DESCRIPTION: (provided by applicant) Chronic inflammatory and neuropathic pain is a problem of considerable clinical relevance. Understanding the mechanisms underlying development and maintenance of chronic pain would be a major step towards rational treatment of such pain conditions. Considerable evidence links chronic pain of neuropathic origin with increased excitability and abnormal signal generation in primary afferent neurons within sensory ganglia. Chemically-mediated cross-excitation between neurons in sensory ganglia has been proposed as one major mechanism by which abnormal discharges can be generated in pathological pain states. However, the identity of the chemical mediator of cross-excitation is unknown. Adenosine triphosphate (ATP) is released within sensory ganglia following neuronal activation and was shown to activate receptors on somata of sensory neurons.

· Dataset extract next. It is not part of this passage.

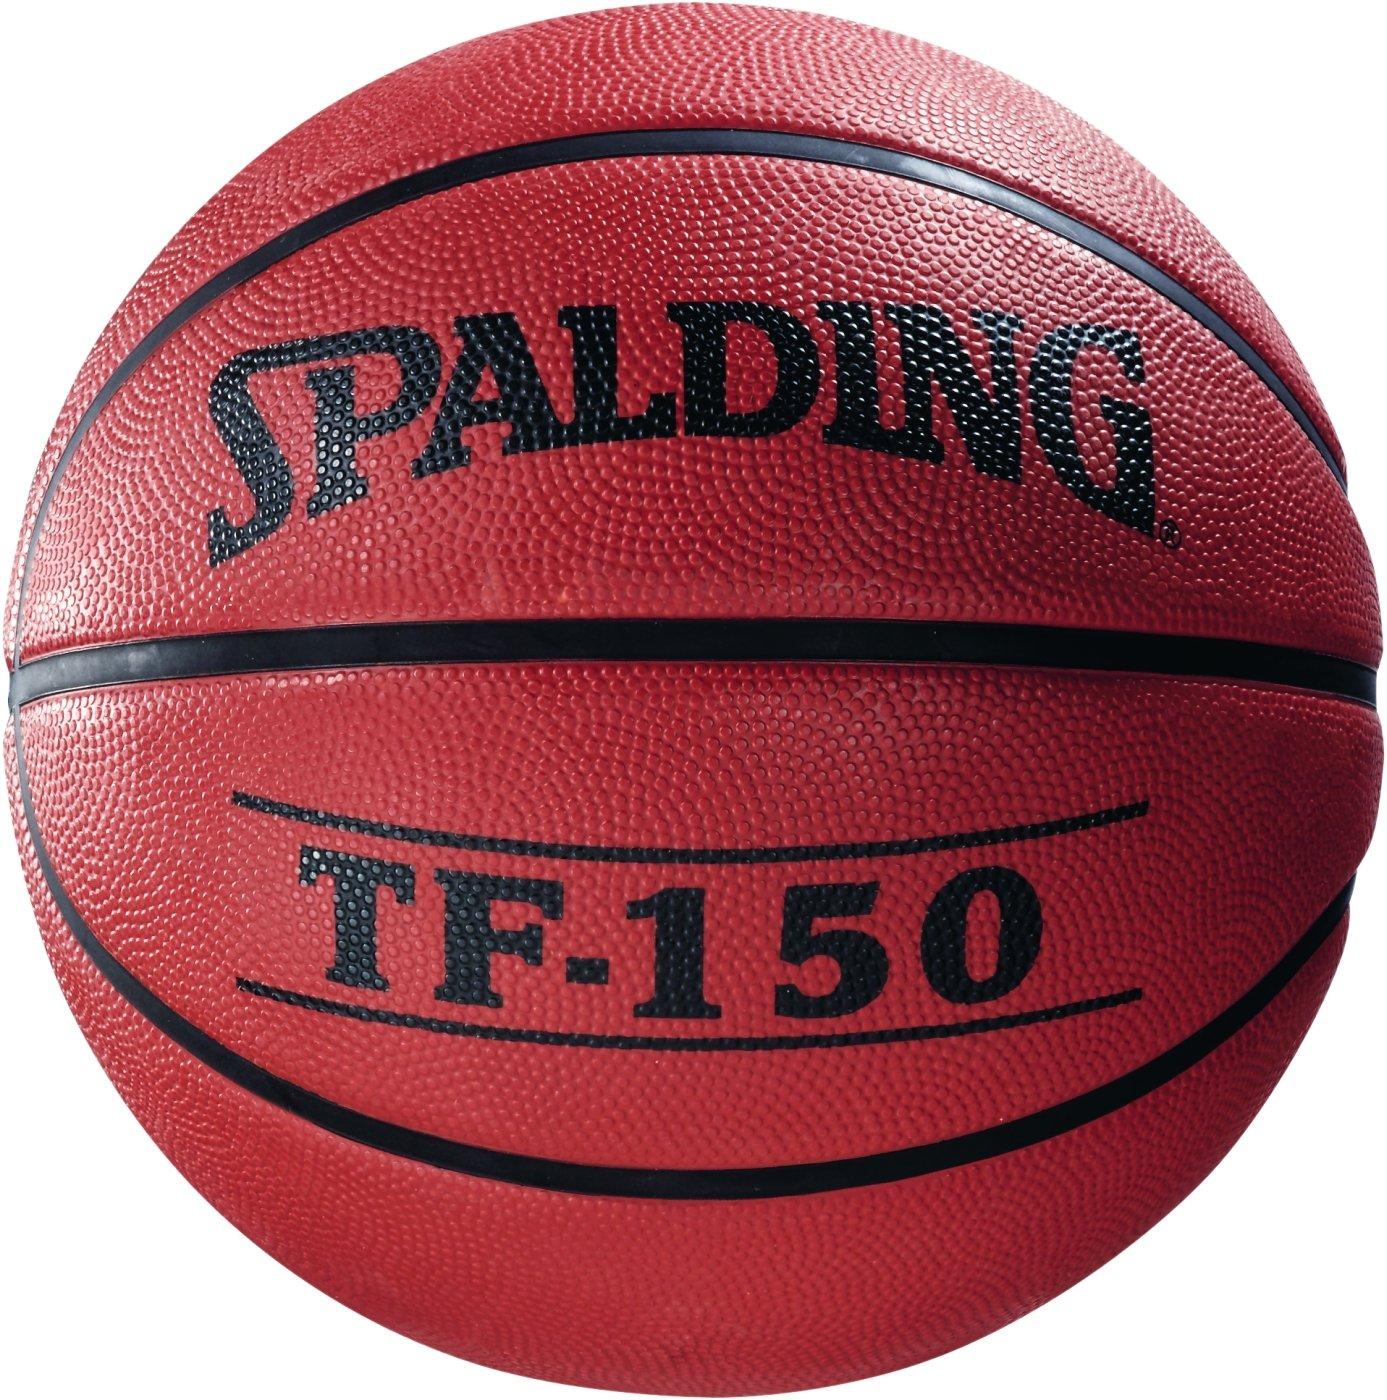 Spalding TF 150 - Balón de Baloncesto Naranja Naranja Talla:7 ...

The overall goal of this proposal is to directly test the hypothesis that ATP is the chemical mediator of cross-excitation and to determine how release of ATP changes in pathological pain states. The specific aims are to: 1) determine the involvement of released ATP in cross-excitation of neurons within sensory ganglia, 2) determine the changes in basal and stimulus-evoked ATP release after peripheral inflammation, 3) determine the changes in basal and evoked ATP release after induction of sciatic neuropathy, 4) compare ATP release from different types of isolated and labeled DRG neurons. Cross-depolarization evoked by peripheral nerve stimulation will be measured during intracellular recordings from neurons in dorsal root ganglia (DRG). ATP receptors on sensory neurons will be manipulated by application of selective agonists and antagonists to influence evoked cross-depolarization. ATP release will be measured by the luciferin-luciferase assay in DRG perfusates. ATP release from acutely isolated DRG neurons will be measured using detector patches. These studies will be carried out first under normal conditions and then compared to results obtained after induction of a) peripheral inflammation, and b) peripheral neuropathy in rats. The acquired knowledge may lead to the development of novel therapeutics targeting abnormal excitability changes in sensory neurons.

描述：(申请人提供)慢性炎症性和神经性疼痛是一个具有相当临床意义的问题。了解相关机制慢性疼痛的潜在发展和维持将是重要的一步对这种疼痛状况进行合理的治疗。相当多的证据链接神经源性慢性疼痛，兴奋性增加，异常感觉神经节内初级传入神经元的信号产生。感觉神经节神经元之间的化学介导的交叉兴奋被认为是异常放电的一种主要机制在病理性疼痛状态下产生。然而，这种化学物质的身份交叉激发的介体未知。三磷酸腺苷(ATP)是在神经元激活后在感觉神经节内释放，并被证明激活感觉神经元胞体上的受体。这个项目的总体目标是建议是直接检验三磷酸腺苷是化学介体的假设以确定在病理情况下ATP释放是如何变化的疼痛状态。具体目标是：1)确定被释放者的参与 ATP在感觉神经节内神经元的交叉兴奋中，2)决定外周炎症后基础和刺激诱发的ATP释放的变化， 3)测定诱导后基础和诱发的ATP释放的变化坐骨神经病变，4)比较不同类型的分离和标记的背根节神经元。周围神经诱发的交叉除极刺激将在细胞内记录来自神经元的过程中测量背根节(DRG)。感觉神经元上的ATP受体将被操纵应用选择性激动剂和拮抗剂影响诱发交叉去极化。ATP的释放将通过荧光素-荧光素酶来测量背根神经节中的测定呈灌流状态。急性分离的背根节神经元的ATP释放将是使用探测器贴片进行测量。这些研究将首先在以下情况下进行正常情况下，然后与诱导后获得的结果进行比较) 外周炎症，以及b)大鼠周围神经病变。被收购的知识可能导致针对异常的新疗法的开发感觉神经元的兴奋性改变。